Через пару секунд дверь открывается, и в комнату входит мужчина лет тридцати с черными волосами зализанными назад и в чистом белом халате. Он взволнован.
— Вам больно, мистер Мелларк? — спрашивает незнакомец и подходит ближе к моей кровати, чтобы выключить прибор.
— Нет, — отвечаю я хриплым голосом. — Кто вы, и где Китнисс? — доктор улыбается и садится на табурет, около моей кровати. Меня раздражает его беспечность.
— Меня зовут доктор Грин. Но вы можете называть меня Сэм, если хотите.
— Где Китнисс? — не совсем вежливо, но сейчас манеры не в приоритете.
— Все в порядке. Она еще не приходила в себя после снотворного, но все ее жизненные показатели в норме. Мы восстановили ее слух. И очень скоро ее выпишут, как и вас, Пит. Я могу звать вас так? — я киваю в знак согласия.
— Почему я не чувствую своих ног? — спрашиваю я.
— Пит, — он заминается и опускает глаза в пол. — Ваш ментор — мистер Эбернети, сказал, чтобы ему сообщили, когда вы придете в себя, чтобы все объяснить. Очень скоро он будет здесь и ответит на все ваши вопросы. Вы хотите есть? Я мог бы… — перебиваю его, не дав закончить.
— Что с моими ногами?! — говорю настолько громко, насколько могу, и тут дверь открывается снова. Помятый, не выспавшийся, с запутанными волосами и в грязной футболке, но все-таки такой близкий, даже почти родной Хеймитч стоит в проходе. И я искренне счастлив видеть его.

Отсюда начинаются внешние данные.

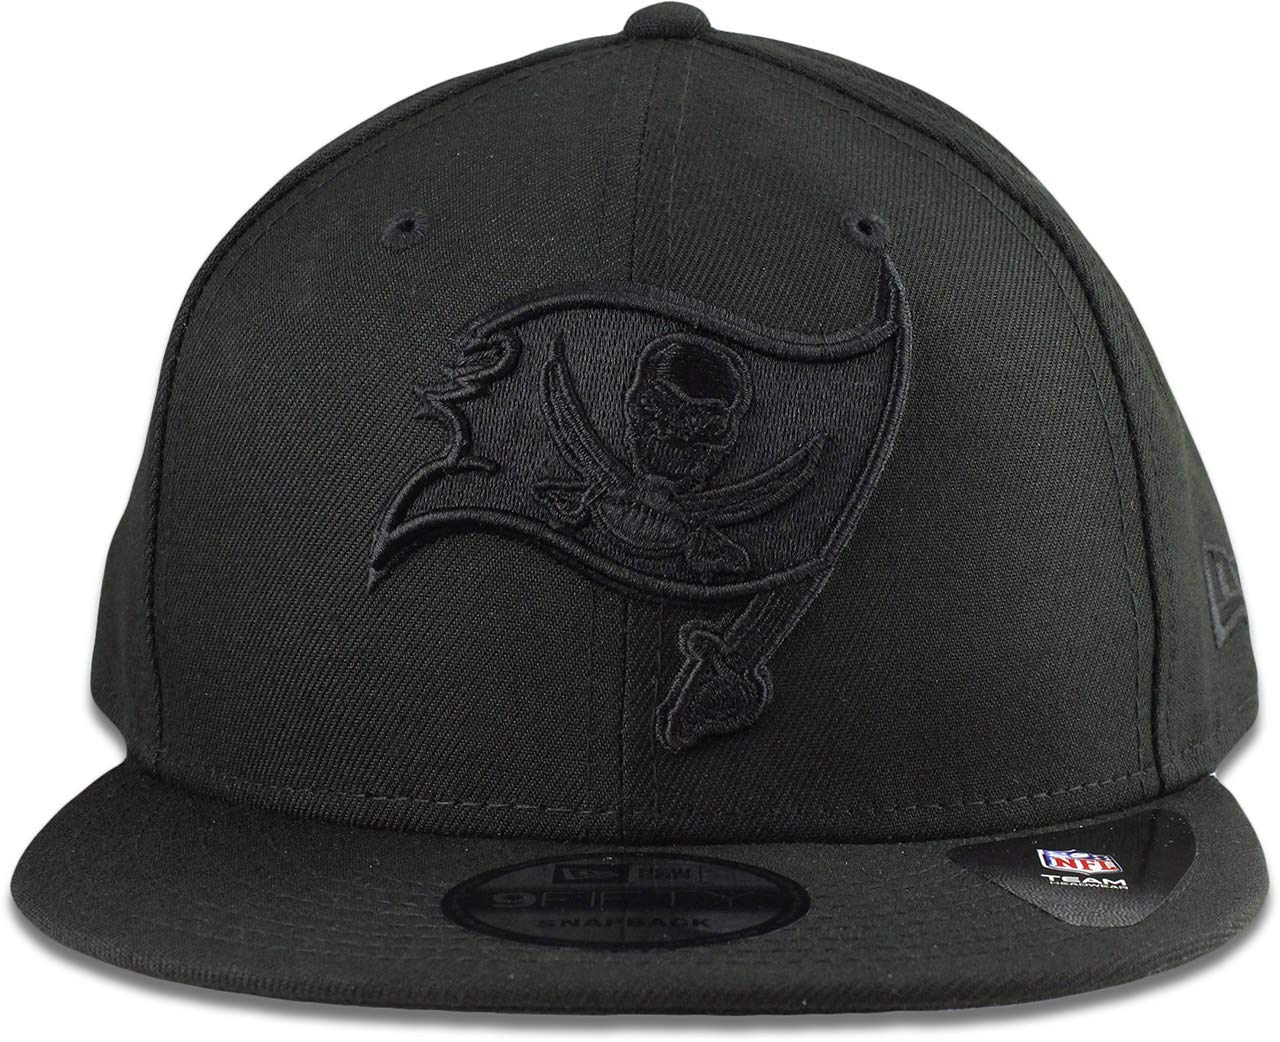 Amazon.com   New Era Tampa Bay Buccaneers Hat NFL Black on Black 9FIFTY  Snapback Adjustable Cap Adult One Size   Sports   Outdoors b81e016ddbb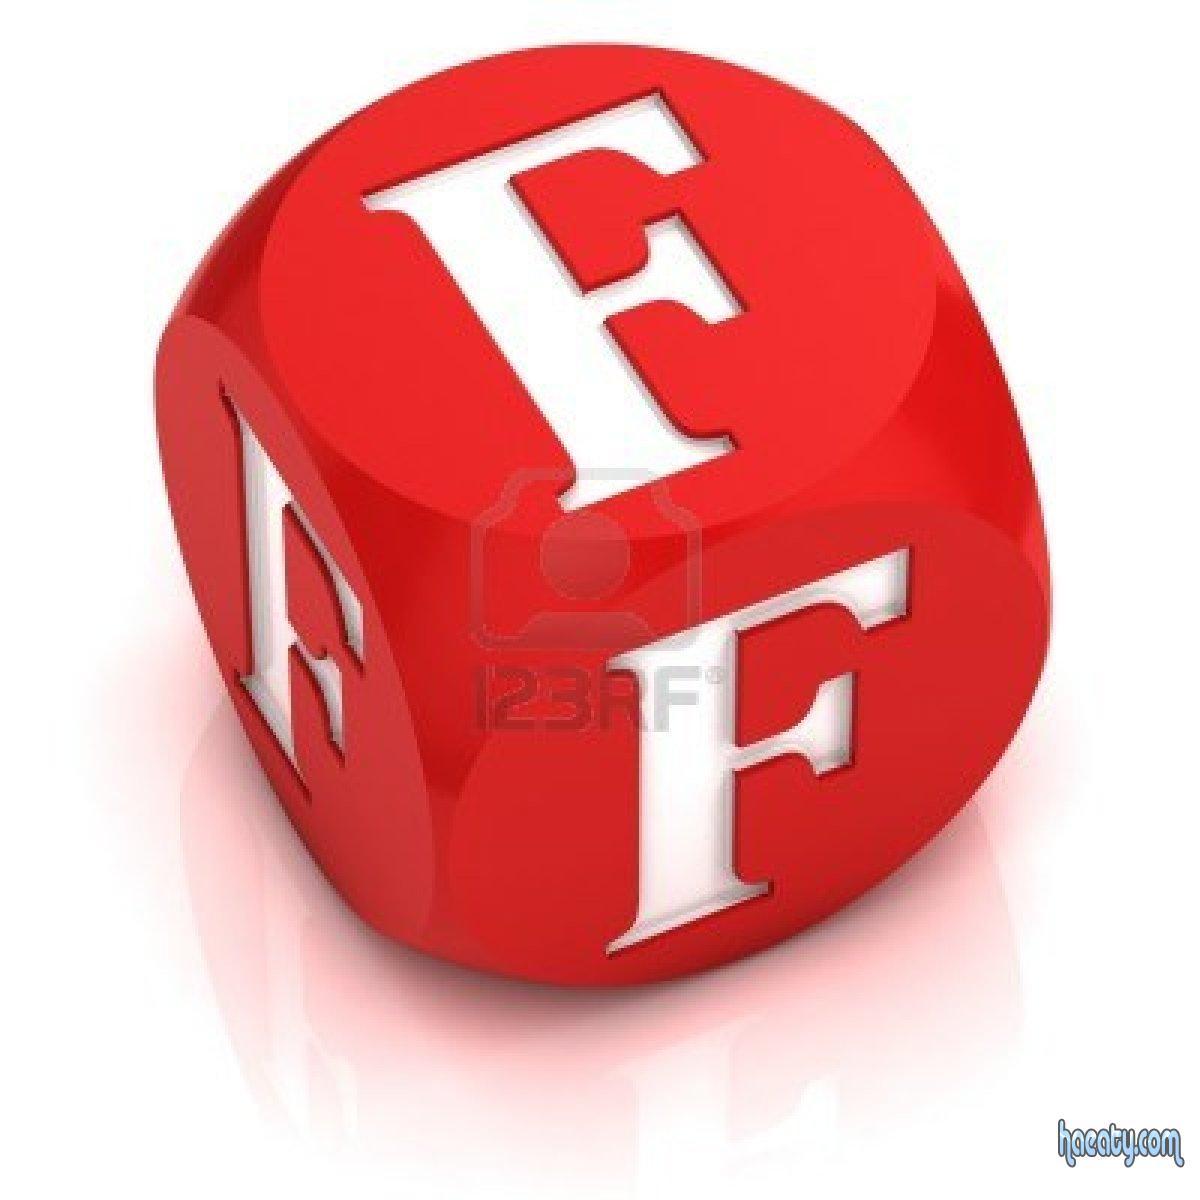 صور حرف F , صور حرف F مزخرفة , خلفيات جديدة 2019 letter F pictures new_1420670341_655.j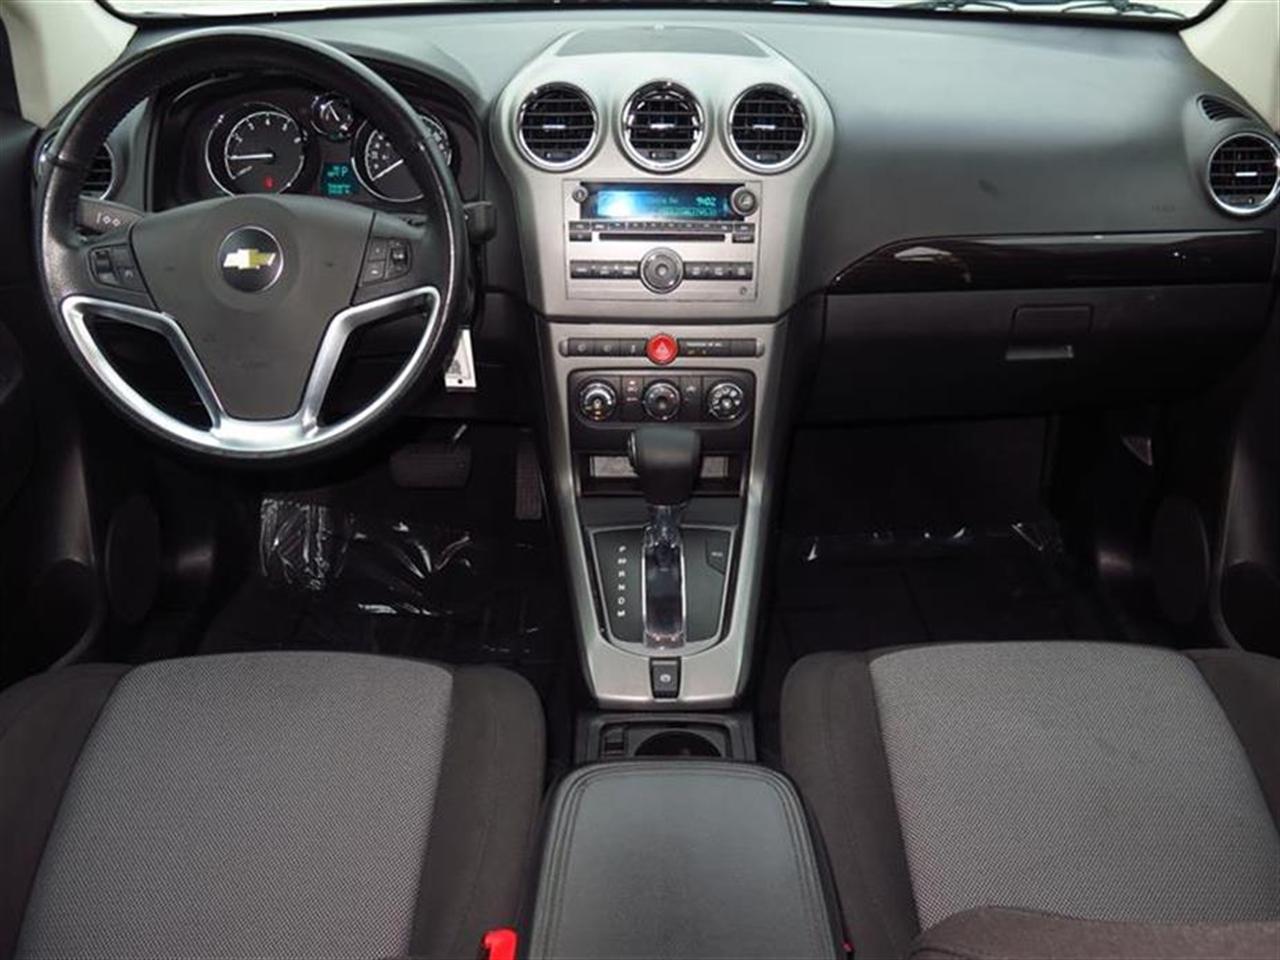 2014 CHEVROLET CAPTIVA SPORT FLEET FWD 4dr LT 34220 miles Air conditioning single-zone automati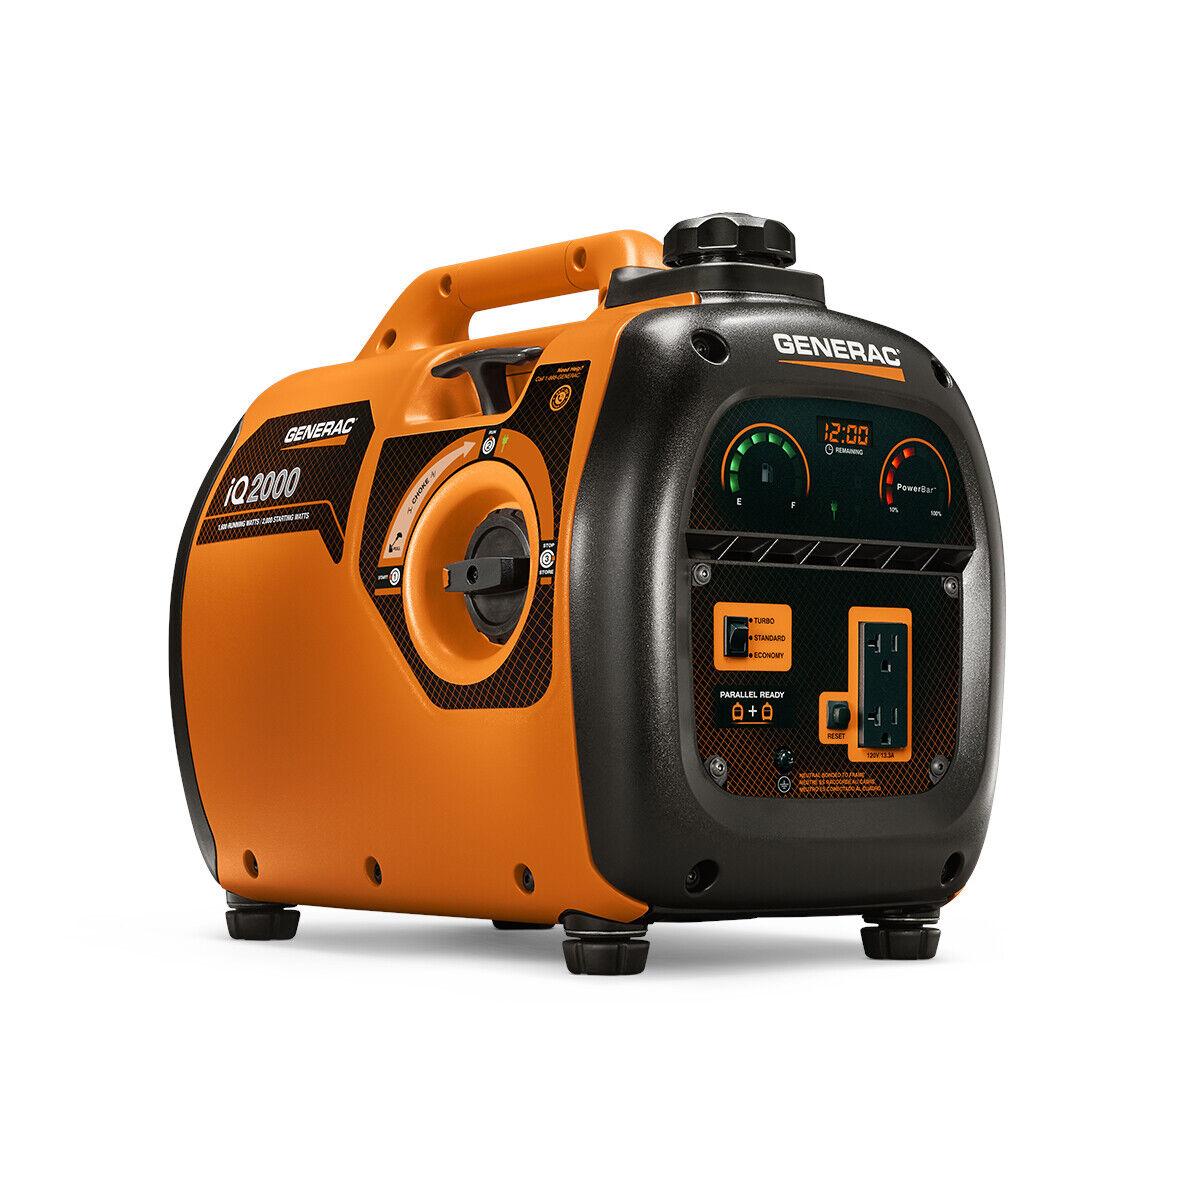 6866 iq2000 2000 watt inverter portable generator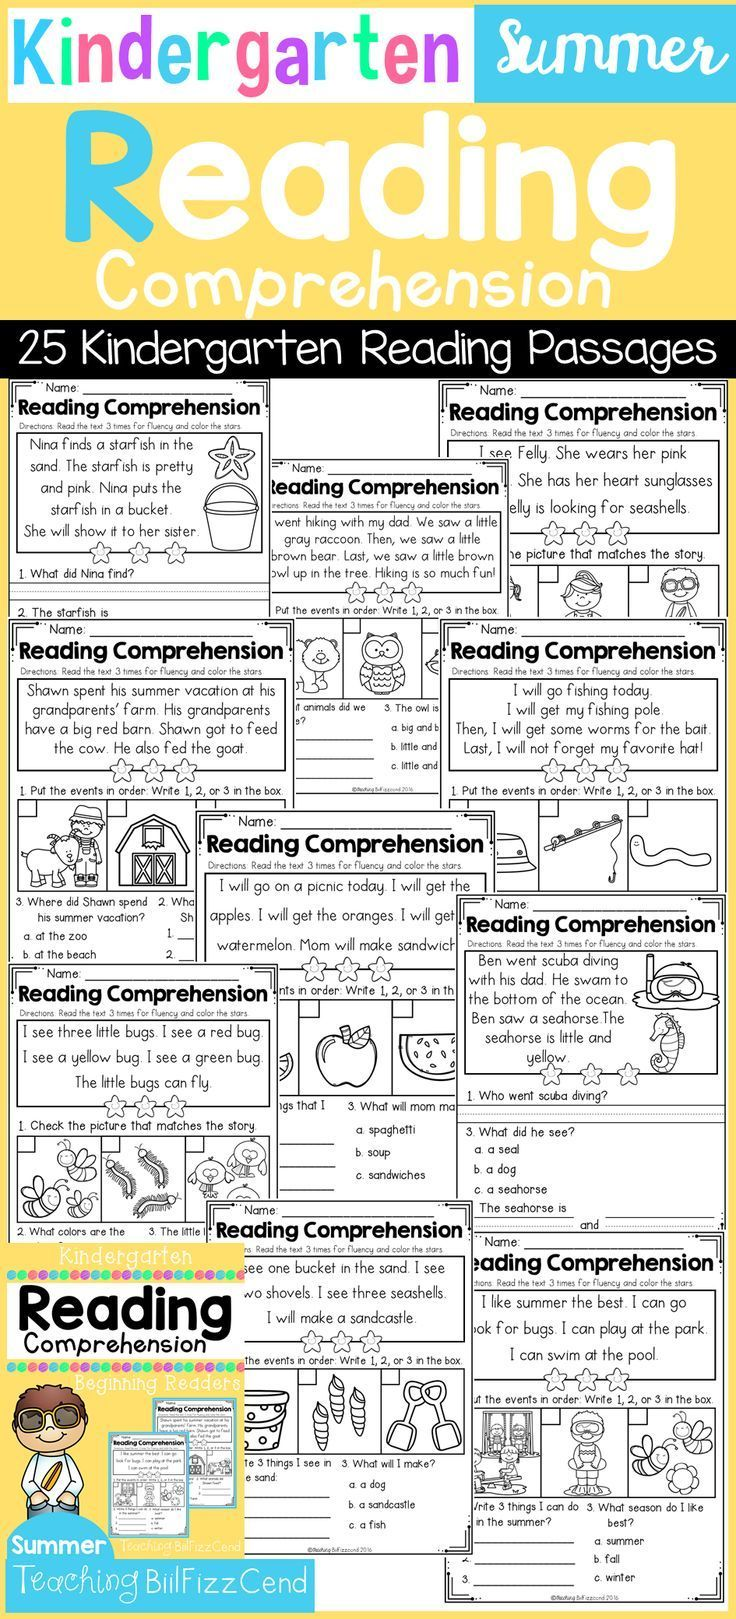 Kindergarten Reading Comprehension Summer Edition Reading Comprehension Reading Comprehension Kindergarten Kindergarten Reading [ 1619 x 736 Pixel ]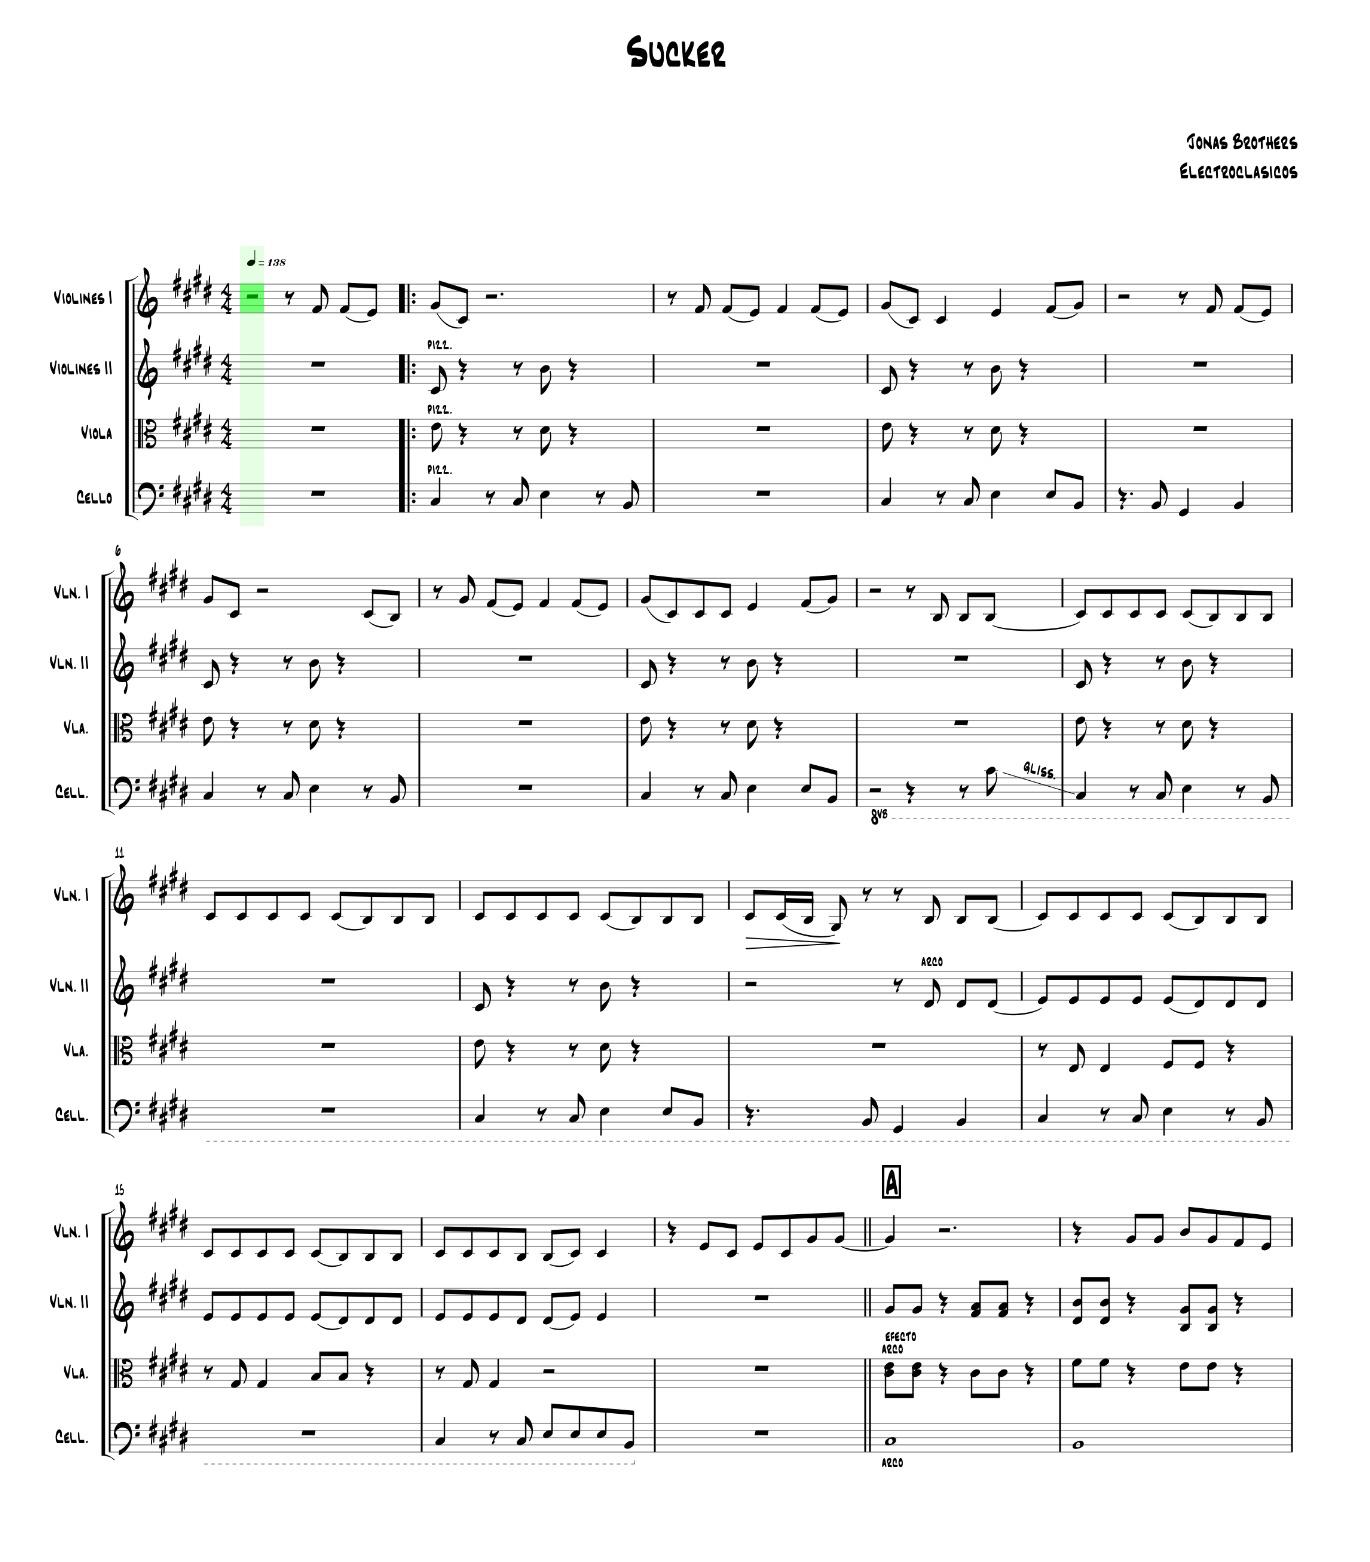 Sheet Music String Quartet Sucker, Jonas Brothers

— Почему вы не позвали меня сразу? — недовольно бросает он Сэму. — Я же сказал, чтобы мне сообщили в ту же секунду!
Доктор извиняется, объясняет, что сам только что пришел, и что со мной все в порядке, но Хеймитч все равно сохраняет свой хмурый вид и выгоняет его, чтобы, наконец, поговорить со мной.
— Хеймитч, я… — он шикает на меня, подвигает табурет к изголовью моей кровати и небрежно, как впрочем, и всегда, усаживается и начинает изучать глазами все трубки, которые тянутся от моих рук.
— Пообещай не перебивать, — говорит он в приказном тоне, но совсем не грубо.
— Ладно, — будто у меня есть выбор, — обещаю.
Он глубоко вздыхает, собираясь с мыслями, а я уже начинаю нервничать. Что же такое произошло, что сам Хеймитч, который всегда говорит все прямо, не задумываясь о последствиях, не может подобрать нужных слов?
— Ну, во-первых, ты молодчина, Пит. Я думал, что тебе и половину плана не удастся выполнить, а ты не только спас Китнисс, но и сам вернулся. Я чертовски рад видеть тебя, парень!
— Это все Китнисс, — улыбаюсь я, — если бы не она… — он опять шикает.
— Молчи и не сбивай меня с мысли, — замолкаю, и он опять глубоко вздыхает. — Пит, сейчас я расскажу тебе кое-что нехорошее, но ты при этом должен помнить, что за нами следят камеры. И, если ты попытаешься сделать что-то, что может тебе навредить, по одной из трубок тебе в кровь впрыснут лошадиную дозу снотворного, а, когда ты снова проснешься, я не стану объяснять тебе все сначала, ясно?
— Яснее некуда, — напрягаюсь и слышу, как дурацкий прибор снова пищит, выдавая мое волнение.
— Так вот, если у тебя нет провалов в памяти, то ты не должен был забыть, в какой кусок мяса эти чертовы твари превратили твою ногу. Китнисс наложила жгут, чтобы спасти тебя от сильной потери крови. И она, несомненно, спасла. Но не твою ногу.
Хеймитч замолкает, а я, кажется, перестаю дышать, понимая, куда он клонит.
— Что… — я даже не знаю, как подобрать слова, но стараюсь вести себя спокойнее, потому что Хеймитч явно не врет насчет снотворного, — что… это значит?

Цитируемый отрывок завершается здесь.